Working SuperSets w/ 24kg
Military Press Ladder - (1,2,3,4) x 4 - walk breaks in between
Hindu Squats - 30 x 1 = 30 reps

Yoga
Sun Salute - 2 rd.
Polarity Squat - F & B, L & R, circles - 1 min
Triangle Pose - 1rep L, R - Z drills in beginning & middle postion - hips, pelvis, lumbar & knee- ^ ROM even more adding knee!

October 2, 2008

Training continues...progress noted

Note: I am getting in the habit of using the term Training Session, or just 'training' instead of 'workout'. To me, a workout implies a rather mindless iteration of the same old same old. A cookie cutter repetition that can be done with little or no focus or attention. (I know others have introduced me to and use this concept already [Master RKC Mark Riefkind] but my thanks to Dr. Eric Cobb and Z-health for getting this concept deep enough into my cranium to actually make the shift.)

I think the term Training Session connotes focused awareness and implies a progression of some kind. Definitely not a 'hamster on a wheel' type approach. What to you think? Is it just semantics?

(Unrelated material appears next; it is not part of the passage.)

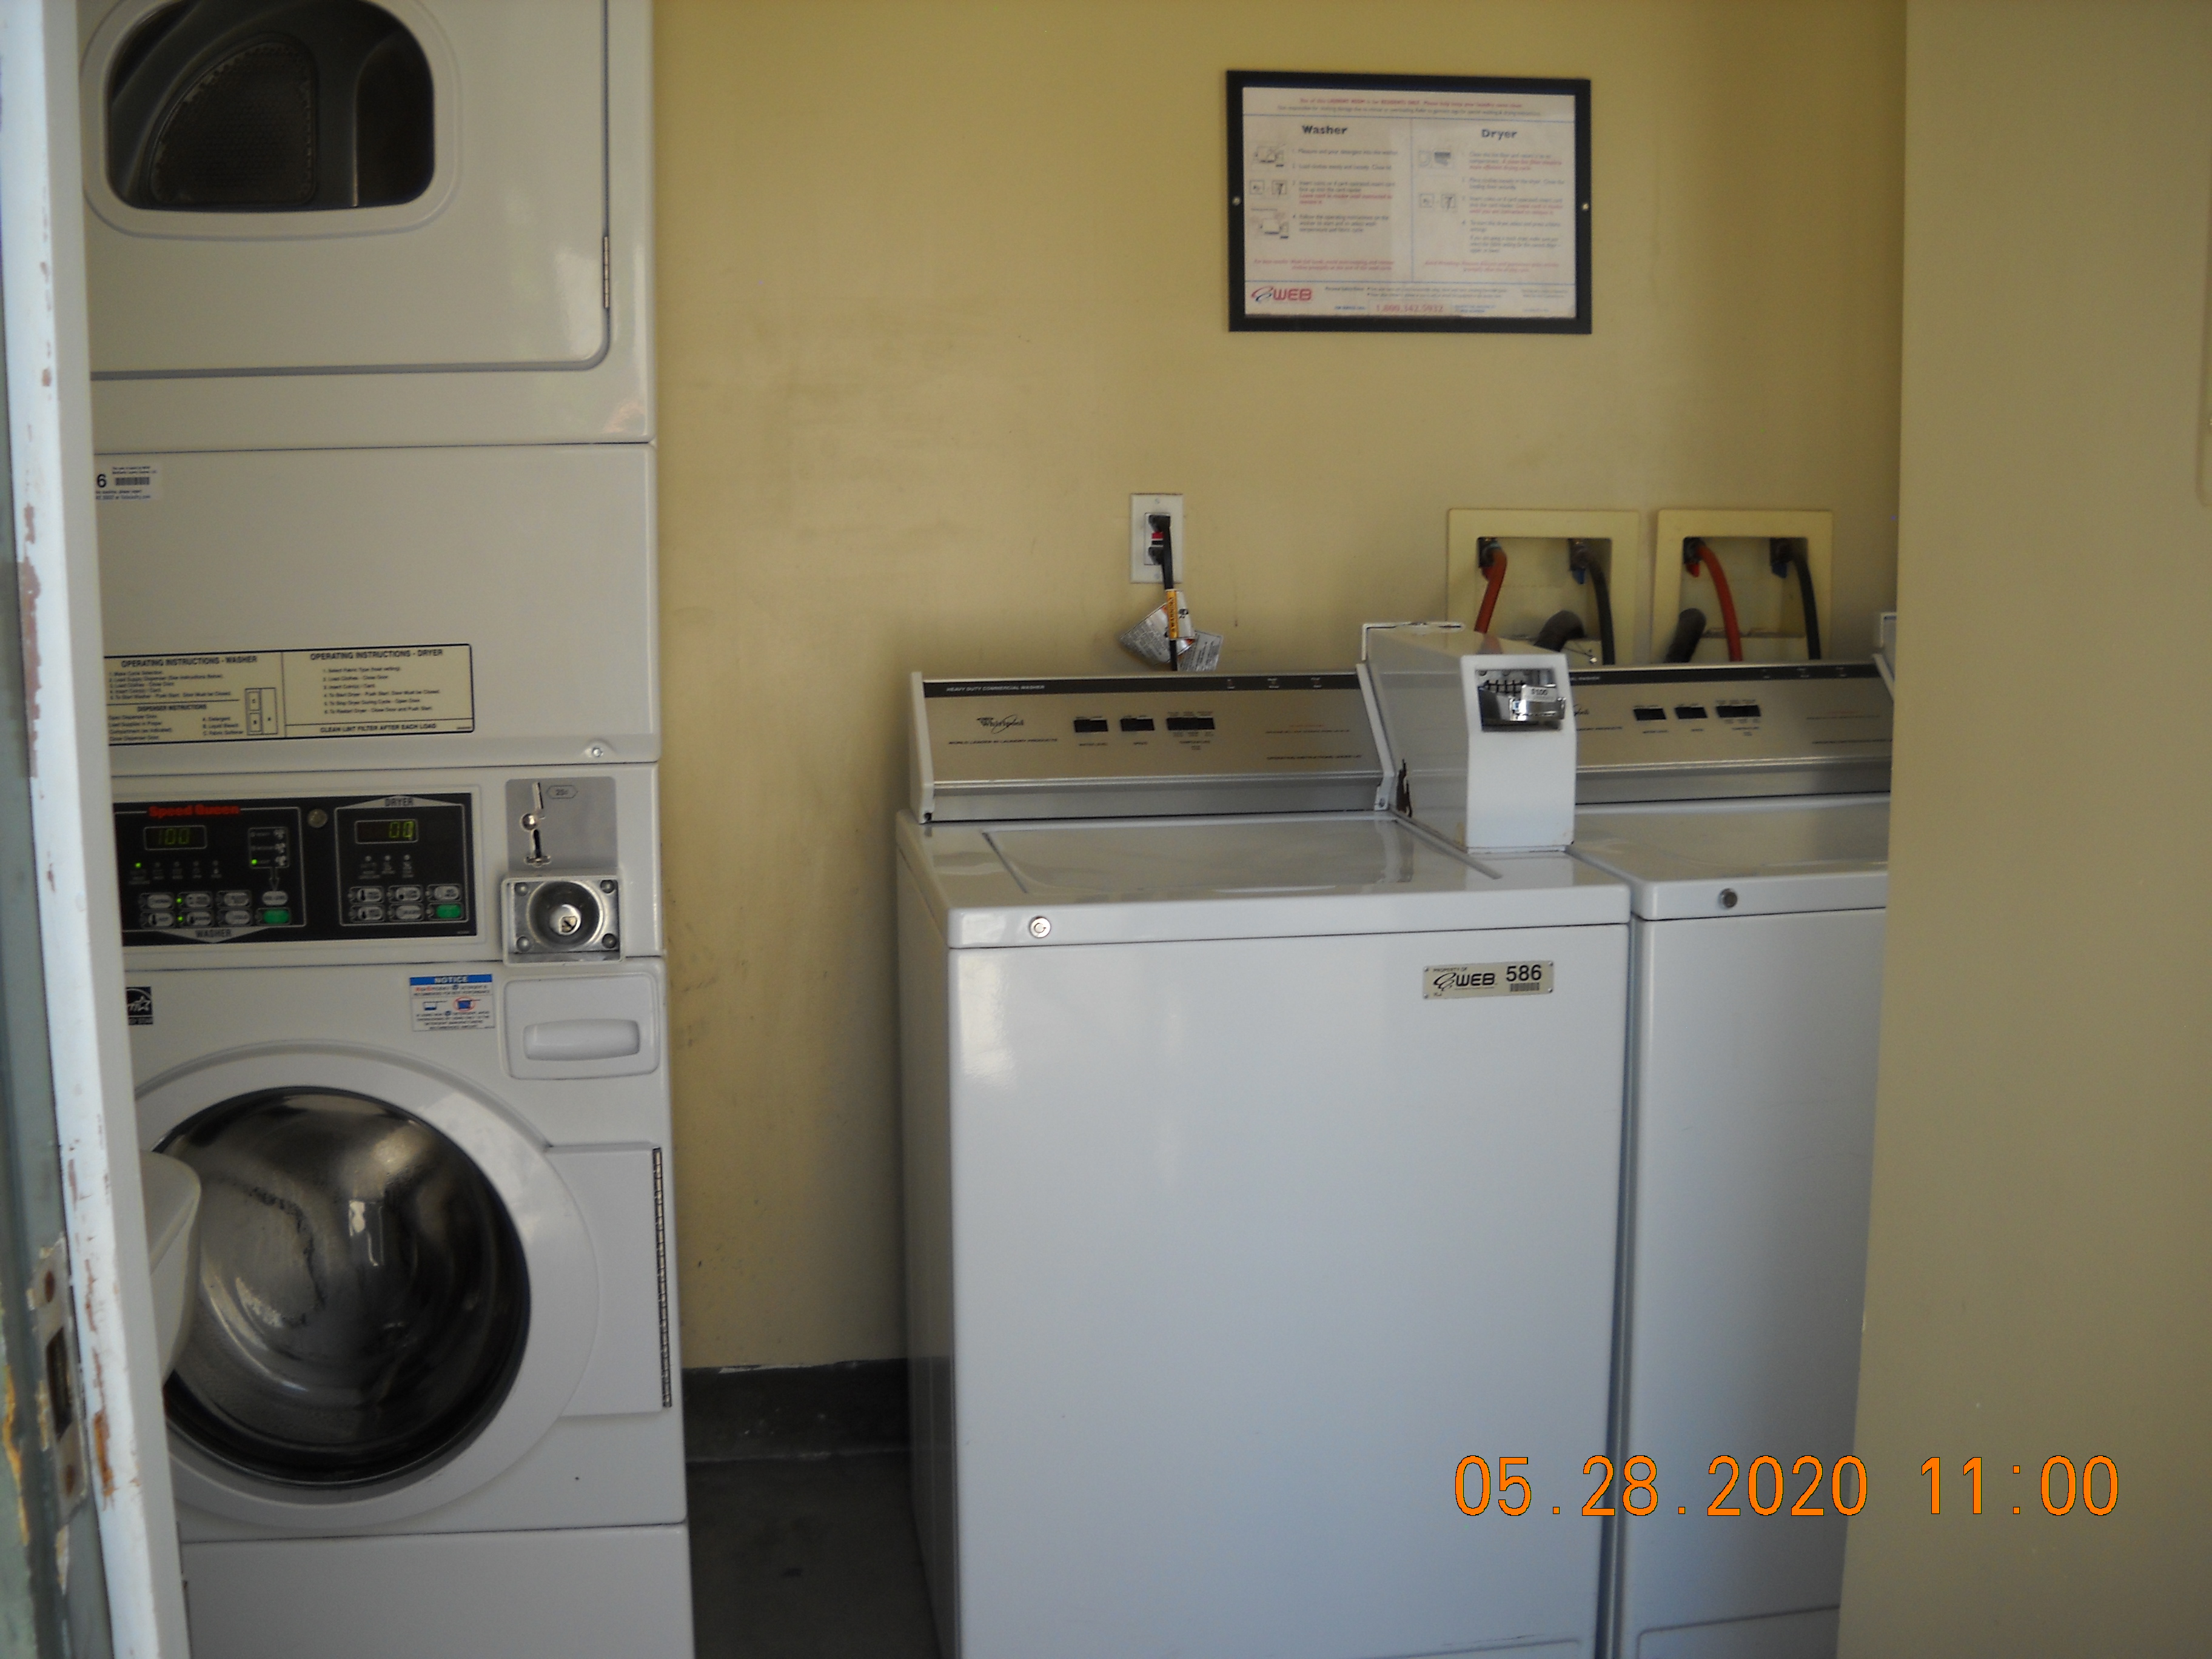 Laundry room with four machines visble, and an instruction sign posted on the wall.

I also noticed that aside from the recent step up to work with the 24kg (Yay!) I was unconsciously building toward the Brutal Minimalist Fitness (BMF) routine. So I decided to get conscious about it. I looked up Sr. RKC David 'IronTamer' Whitley's training regimen and now plan to work up to accomplishing it this fall.

After using the 1.5p yesterday, I also want to redo the full 5x5 press ladder with the 24 now (I love the clean! And the Military press w/ a bell!) It's probably too much to try to do both at the same time, eh? I am wondering here if I should just continue to play with the 24kg as a strength tool (low reps/volume) while using the 16kg as an endurance/GPP tool. Ah, decisions, decisions...

The upshot is that I now feel sufficiently able to control my startle reflex AKA fight, flight or freeze reflex (thanks to cutting way back , getting lots of bodywork and doing lots of Z health) to actually have a more intensive training goal! Along with my step up to using the 24kg, this feels like significant progress in my rebuilding program! I am pretty happy about it.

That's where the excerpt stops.